In this picture taken on June 3, 2023, women and children sift through rubbish, as they look for plastic items to sell for recycling, at a dump site near the village of Hazreh in Syria's northwestern Idlib province. Photo: Aaref Watad/AFP
ERBIL, Kurdistan Region - The European Union pledged 560 million euros ($600 million) for countries neighboring Syria hosting displaced Syrians, foreign policy chief Josep Borrell said on Thursday.
Speaking at a conference in Brussels for “Supporting the future of Syria and the region,” Borrell said that “little progress” had been made over the past year towards the end of the conflict in Syria, saying that it is “unacceptable that Syria has been brought so low.”
Borrell stated that the renewed pledge for aid would be for the Syrian people, not for the regime in Damascus which he blamed for the “decades of suffering” endured by those in Syria.
The conference is aimed at ensuring the continuation of support to Syrians in the country as well as those outside, working towards a political resolution to the conflict in line with UN Security Council 2254, and to provide support in the aftermath of a devastating earthquake that struck the north in February.
The seventh annual conference comes amid a normalization of ties between countries in the Middle East and Syria’s President Bashar al-Assad. In May, Damascus was readmitted back into the Arab League after being expelled when the civil war erupted in 2011. Turkey, who has supported the rebels against Assad, has also being working towards a rapprochement with Syria.
Borrell stated that despite the recent regional developments to mend ties with Assad, this was “not the path chosen by the EU.”

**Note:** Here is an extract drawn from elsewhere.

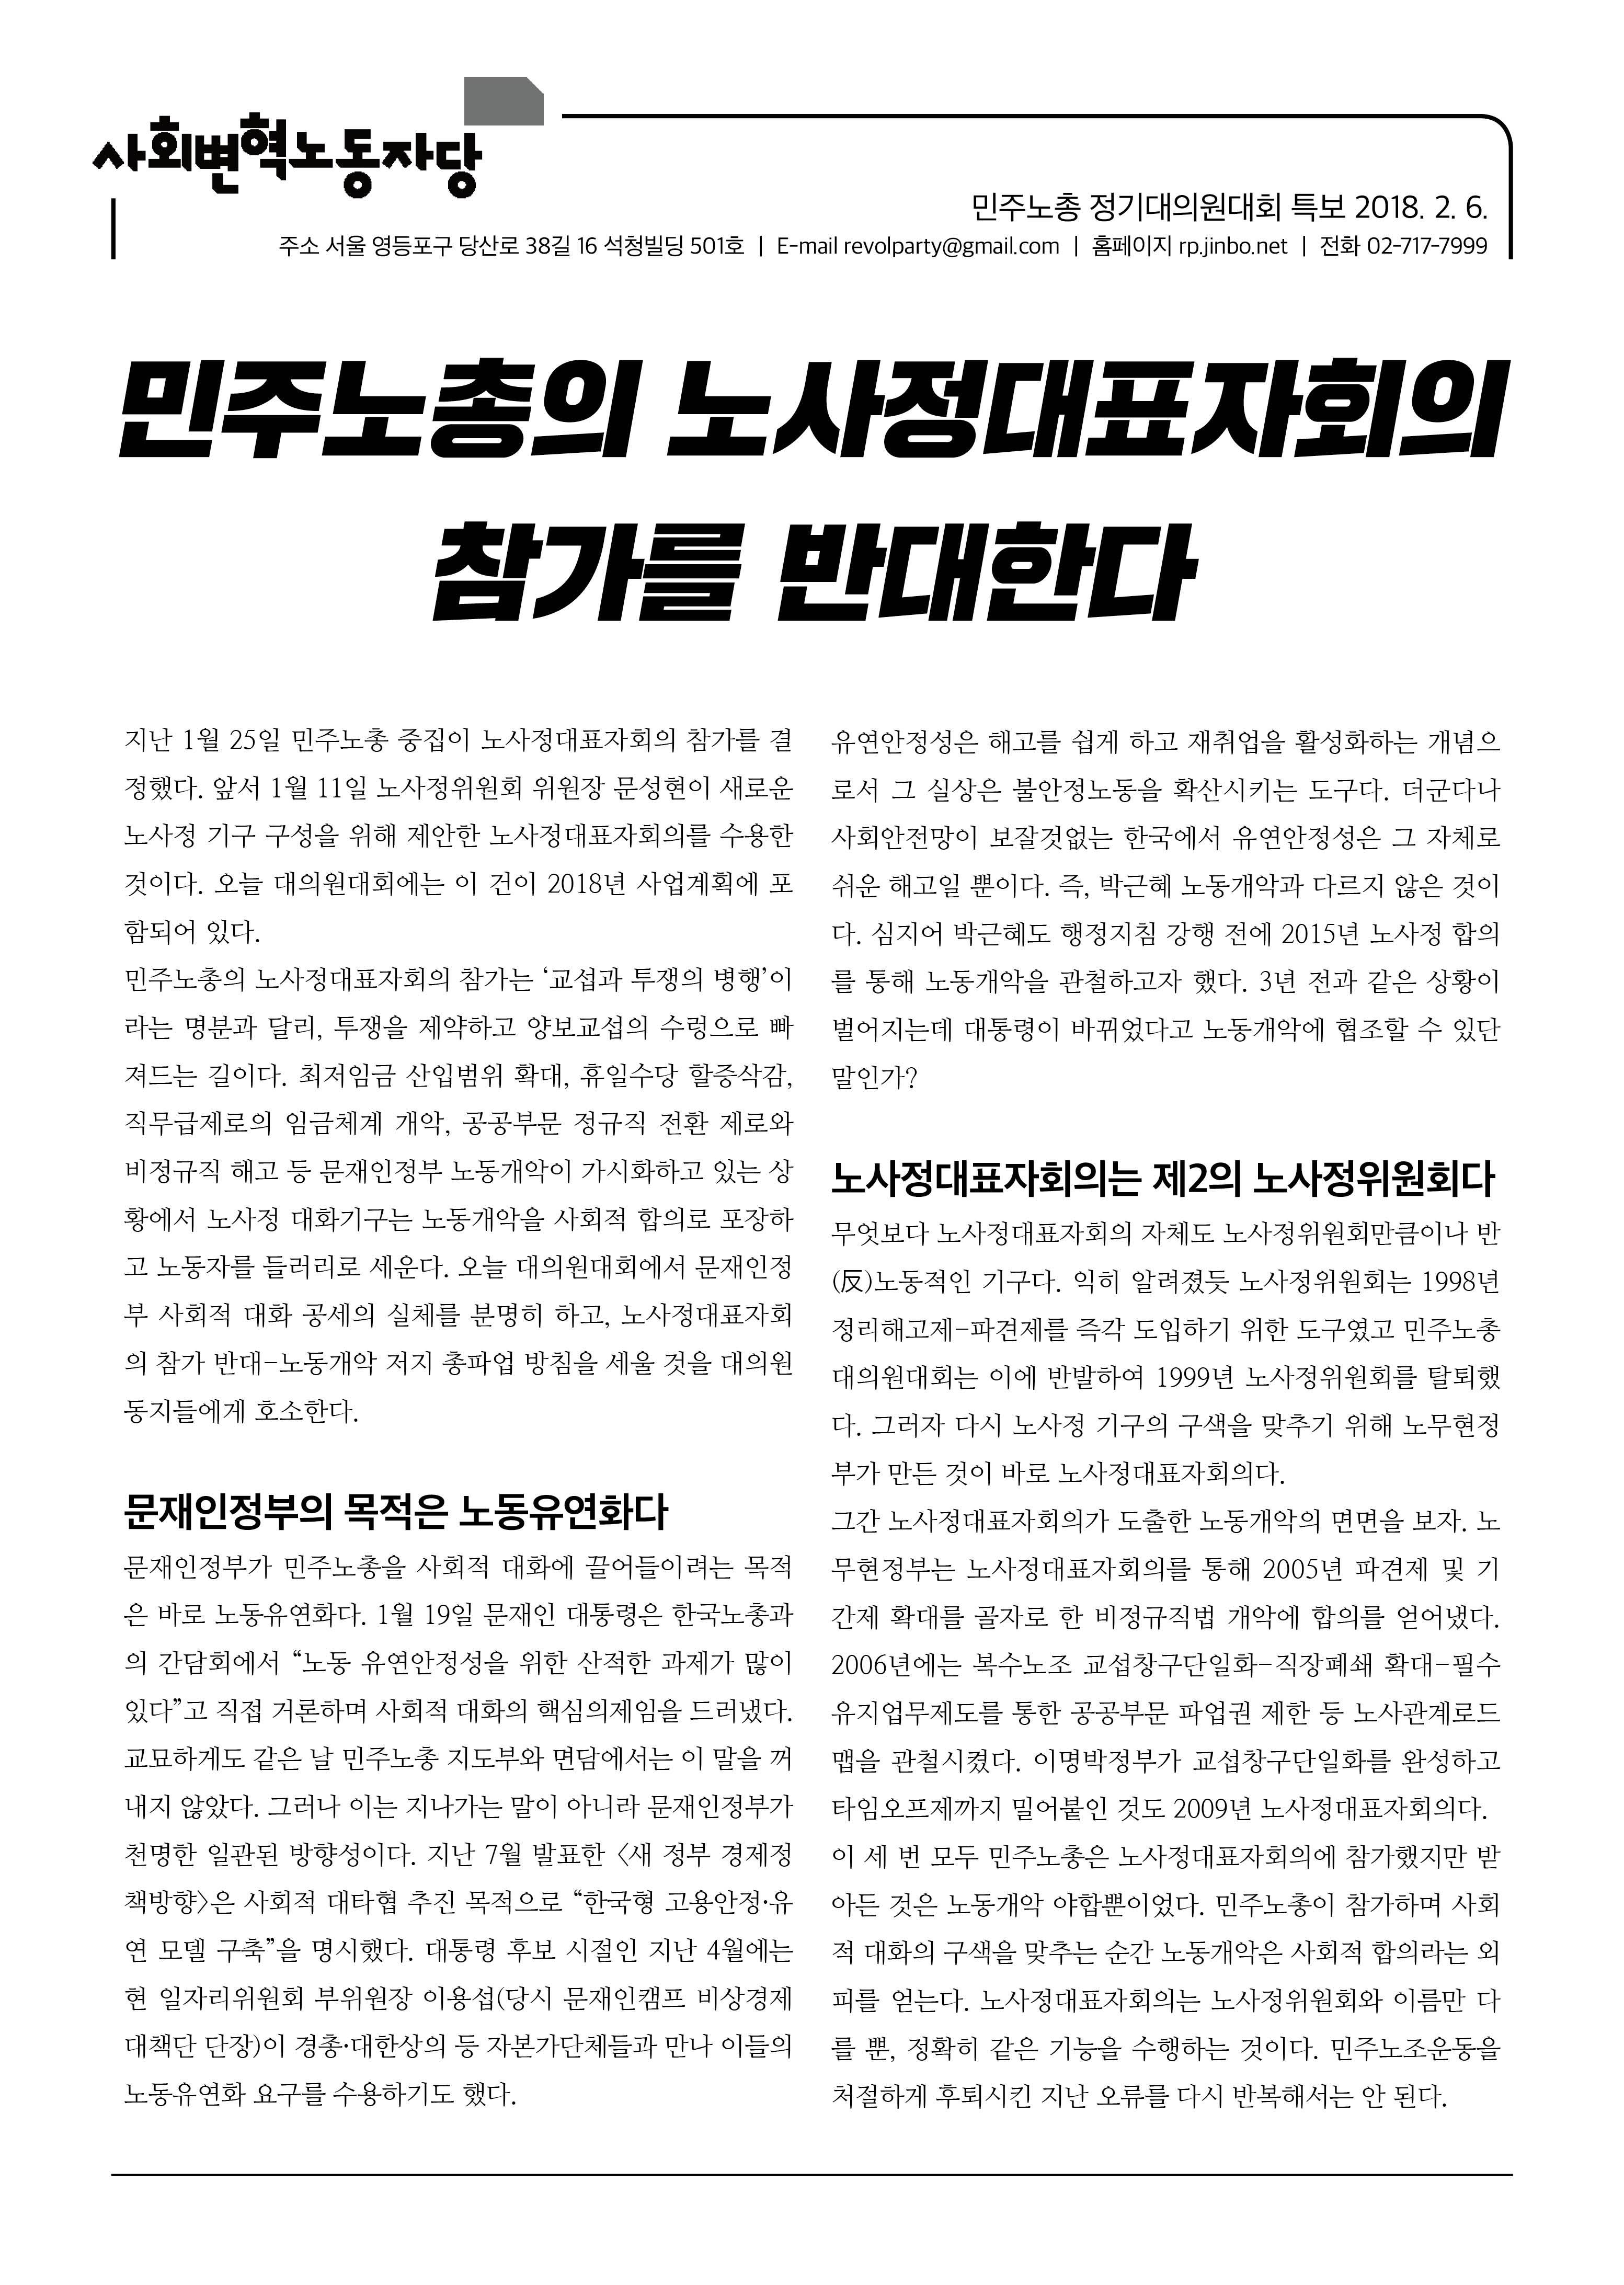 민주노총 대대 유인물 수정 끝.jpg

The head of the EU delegation to Syria, Dan Stoenescu, told Rudaw’s Znar Shino on Wednesday that it was important to “support Syrians in regime-controlled areas, in the northwest, in the northeast, and those in the diaspora.”
Stoenescu added that the conference was aimed at showing support and pushing for “a Syria where Syrians want to come back and not to leave…unfortunately we are not at that point.”
In a video address, UN Secretary-General Antonio Guterres said that the “suffering of Syrians defies description.” He added that over 12 million people had been “forced from their homes” and that “nine in 10 Syrians live below the poverty line” while over 70 percent require humanitarian aid.
Iraq’s Minister of Foreign Affairs, also present in Brussels, told Rudaw that Europe had “become captives of their own words” for calling for the removal and prosecution of the Assad regime. “They are caught in a dilemma as they do not know how to deal with the Syria situation,” he said.
Syria’s civil war began in 2011 when anti-government protestors demanded democratic reforms but the demonstrations quickly escalated into a violent conflict that has left hundreds of thousands of people dead and left large parts of the country in ruins. The UN Security Council Resolution 2254, which was adopted in 2015 in an attempt to work towards peace in the country.
Around 5.5 million Syrian refugees live in neighboring Lebanon, Jordan, Turkey, Iraq and the Kurdistan Region, as well as Egypt.
There are over 246,000 Syrian refugees in the Kurdistan Region according to the latest data from the Kurdistan Regional Government’s (KRG) Joint Crisis Coordination Centre.
“You cannot close your doors on them. They are running away from starvation,” Hussein said.
The twin earthquakes on February 6 had their epicenters across the border in Turkey. In Syria, they killed more than 6,000 people, made millions homeless and vulnerable to diseases in areas that were already suffering after 12 years of conflict.